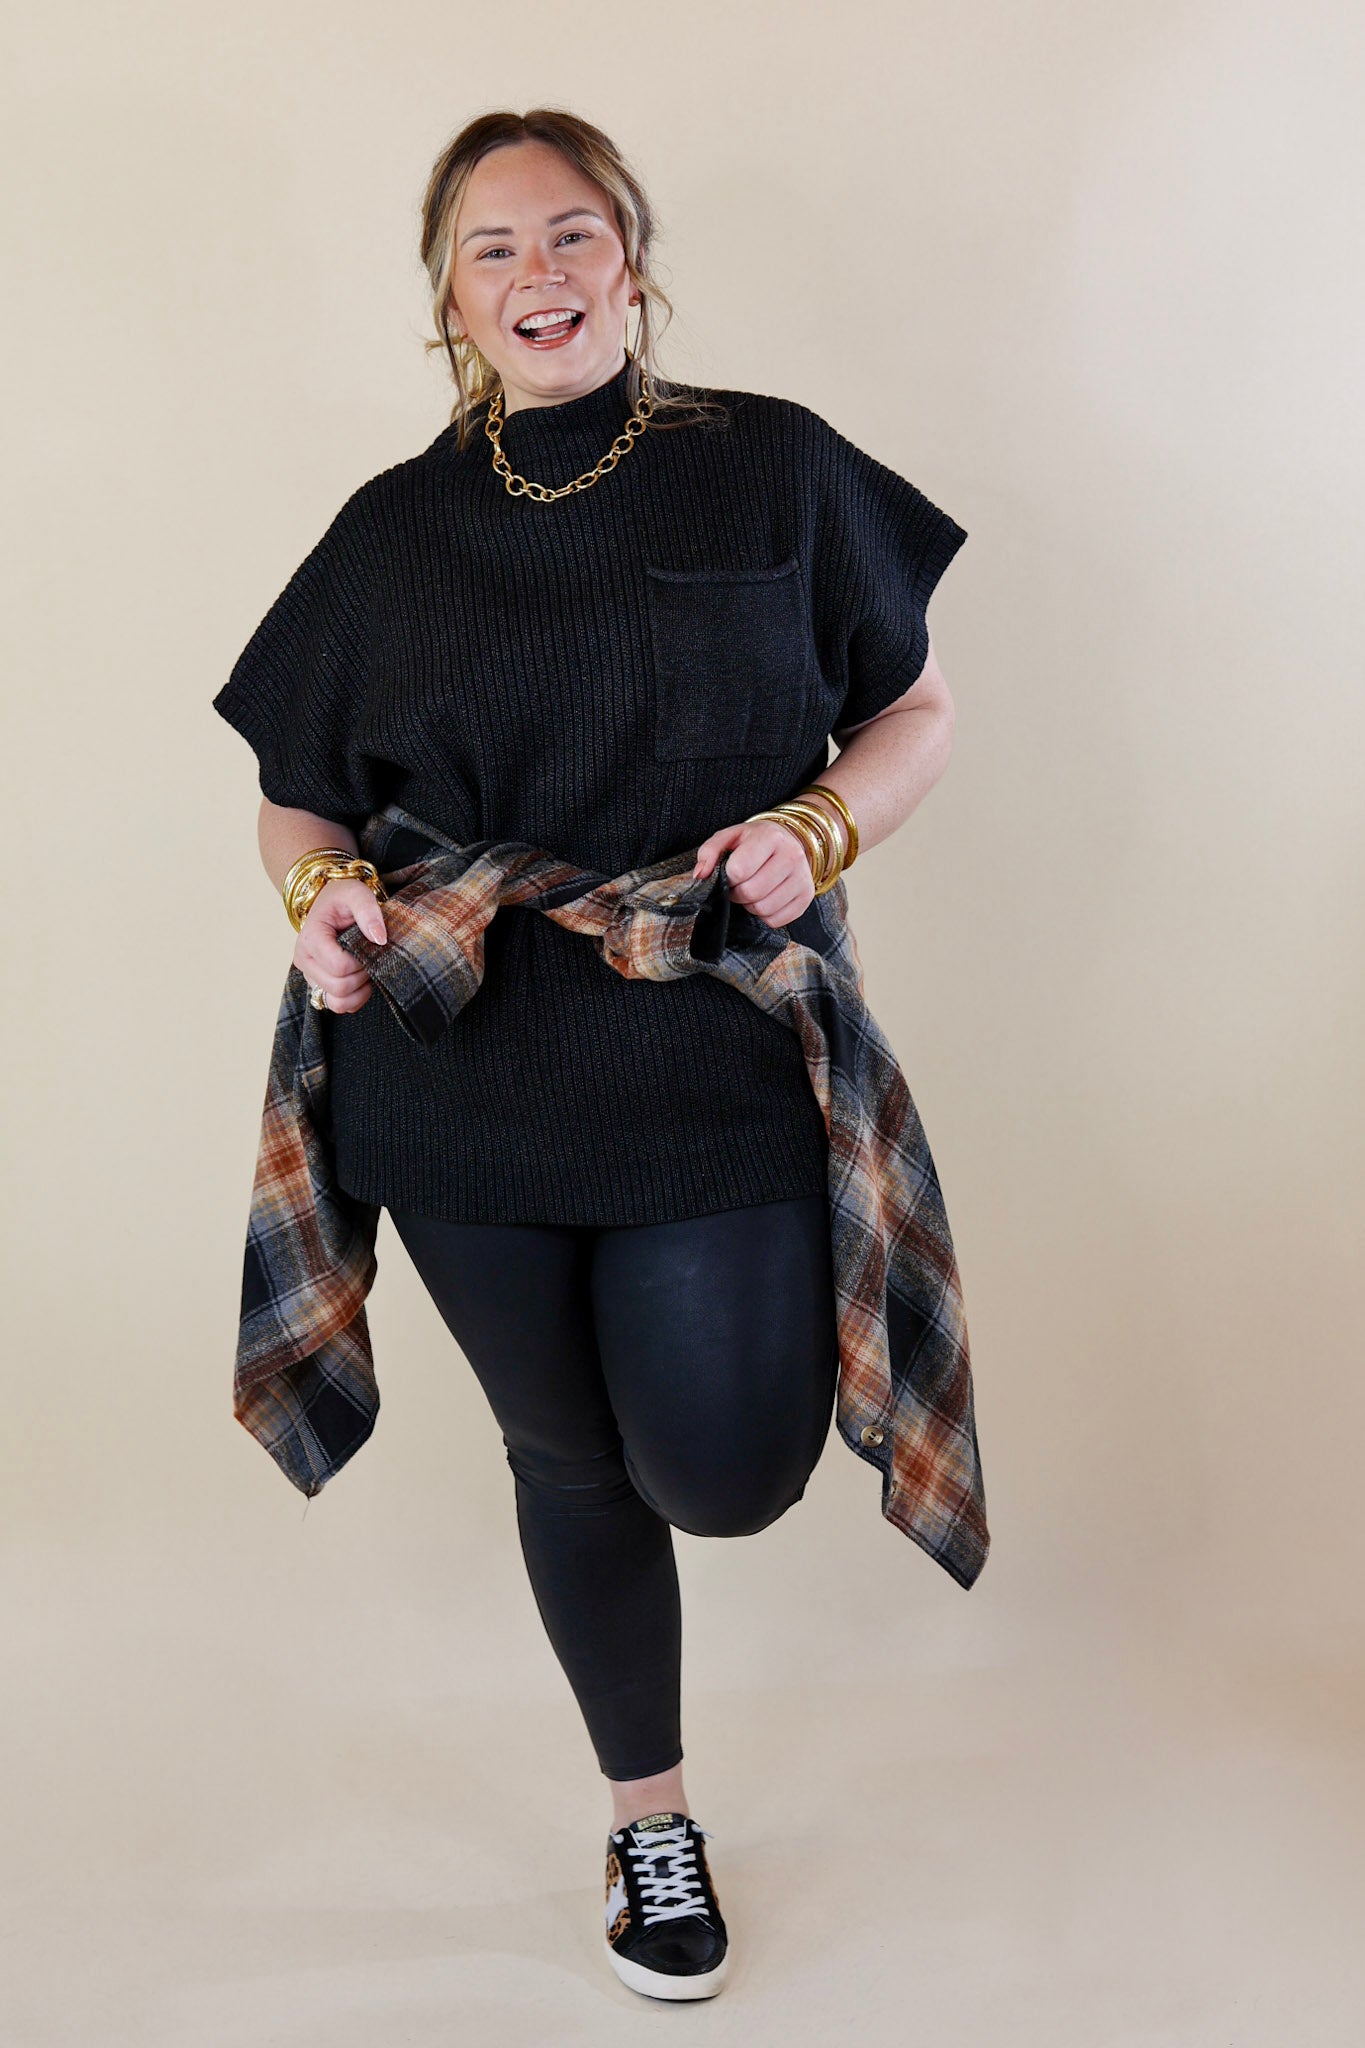 City Sights Cap Sleeve Sweater Top in Black - Giddy Up Glamour Boutique
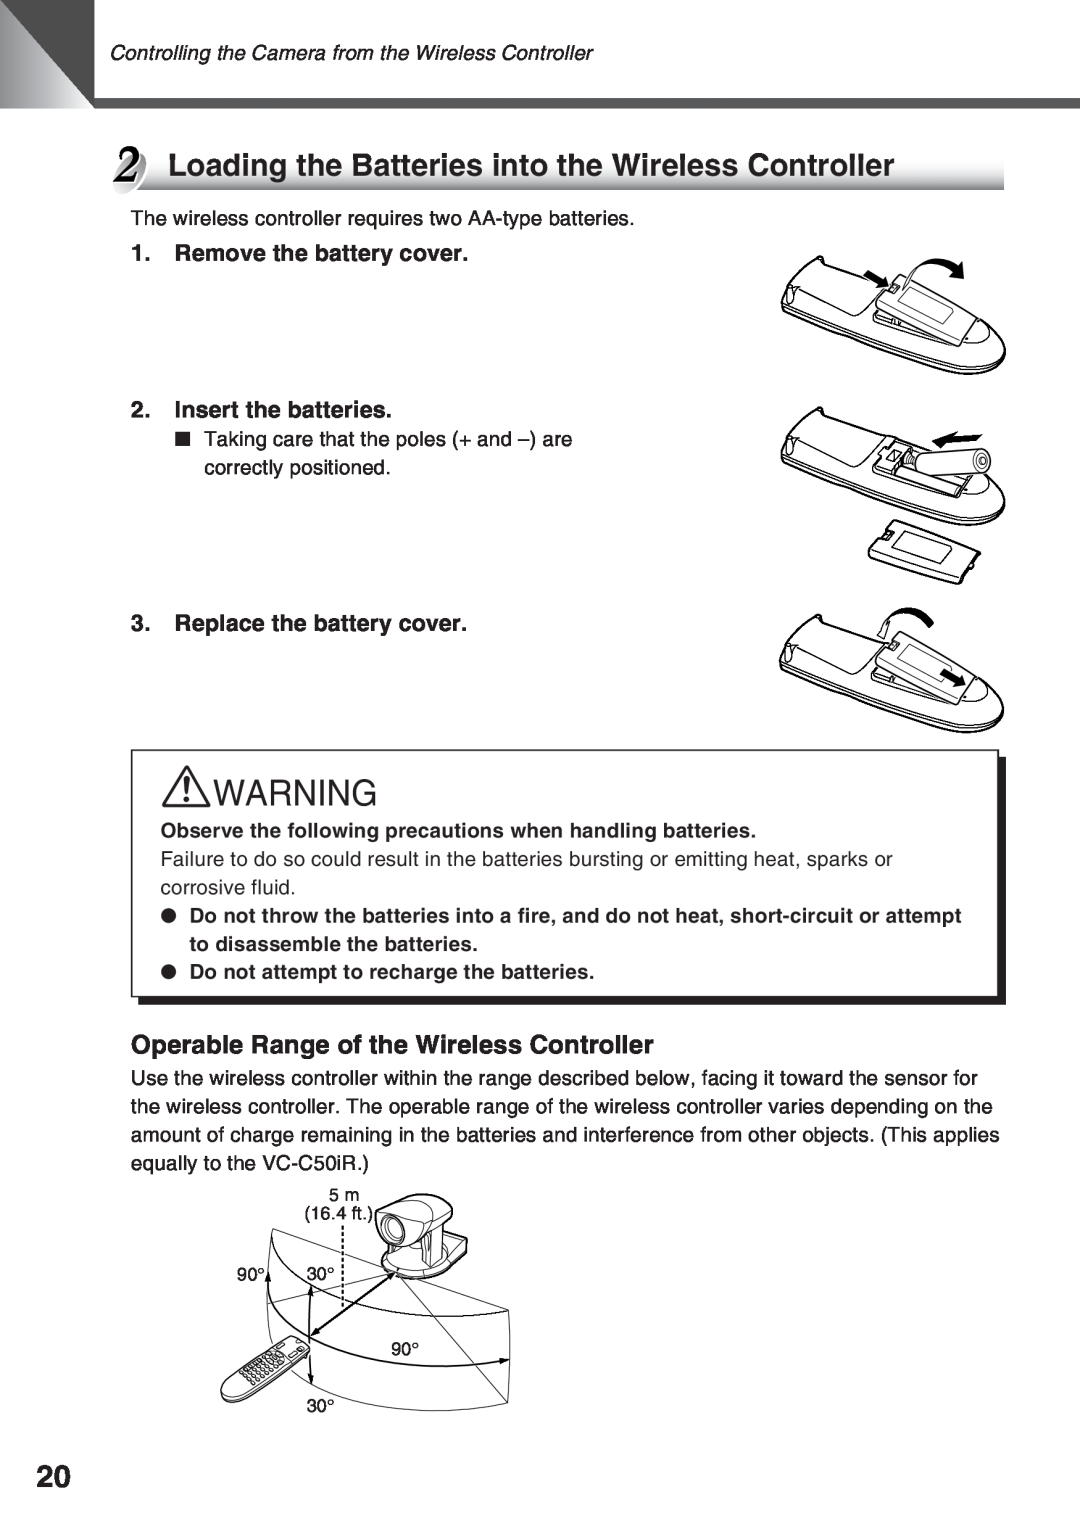 Canon VC-C50IR, VC-C50i instruction manual Operable Range of the Wireless Controller, aWARNING 
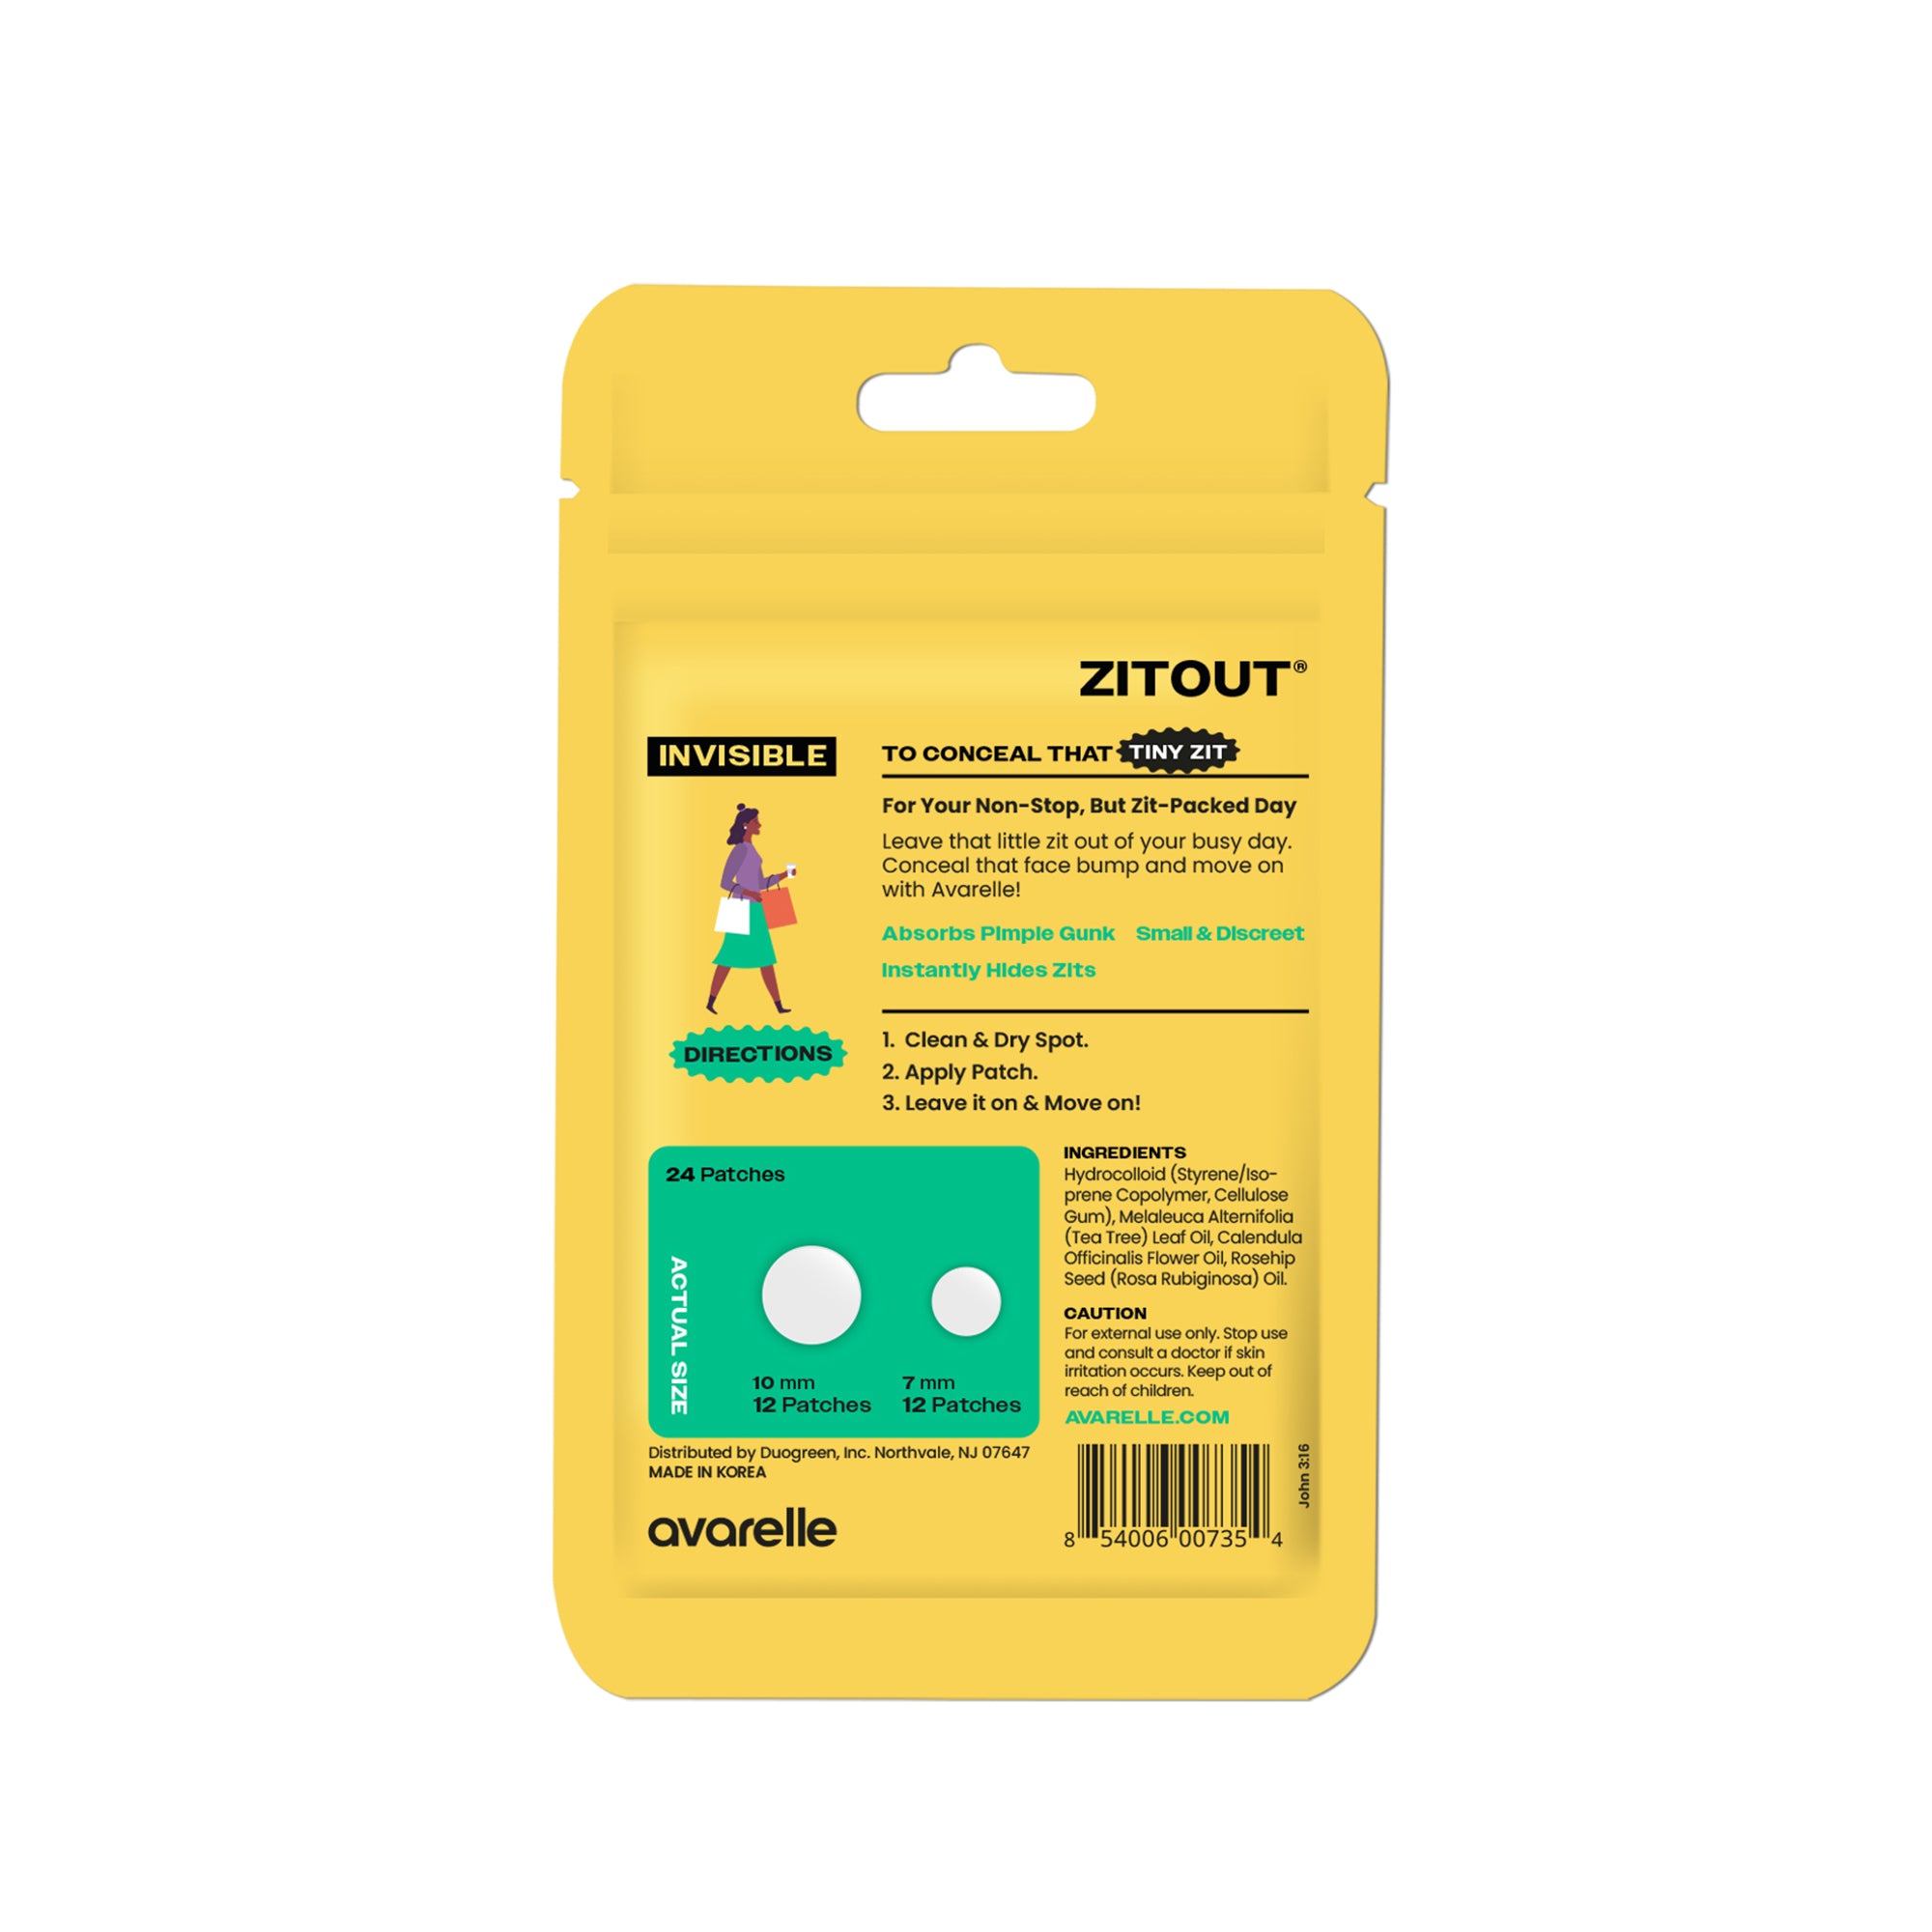 Packaging for Avarelle ZITOUT Invisible (AM) Acne Patch with product information and usage instructions including all ingredients such as Calendula, tea tree, and cica oil.

--------------------

Please keep every line of the data the same when you reproduce it, and keep every picture out.

# Result below:
 City Sights Cap Sleeve Sweater Top in Black - Giddy Up Glamour Boutique
 Canon VC-C50IR, VC-C50i instruction manual Operable Range of the Wireless Controller, aWARNING 
 Packaging for Avarelle ZITOUT Invisible (AM) Acne Patch with product information and usage instructions including all ingredients such as Calendula, tea tree, and cica oil.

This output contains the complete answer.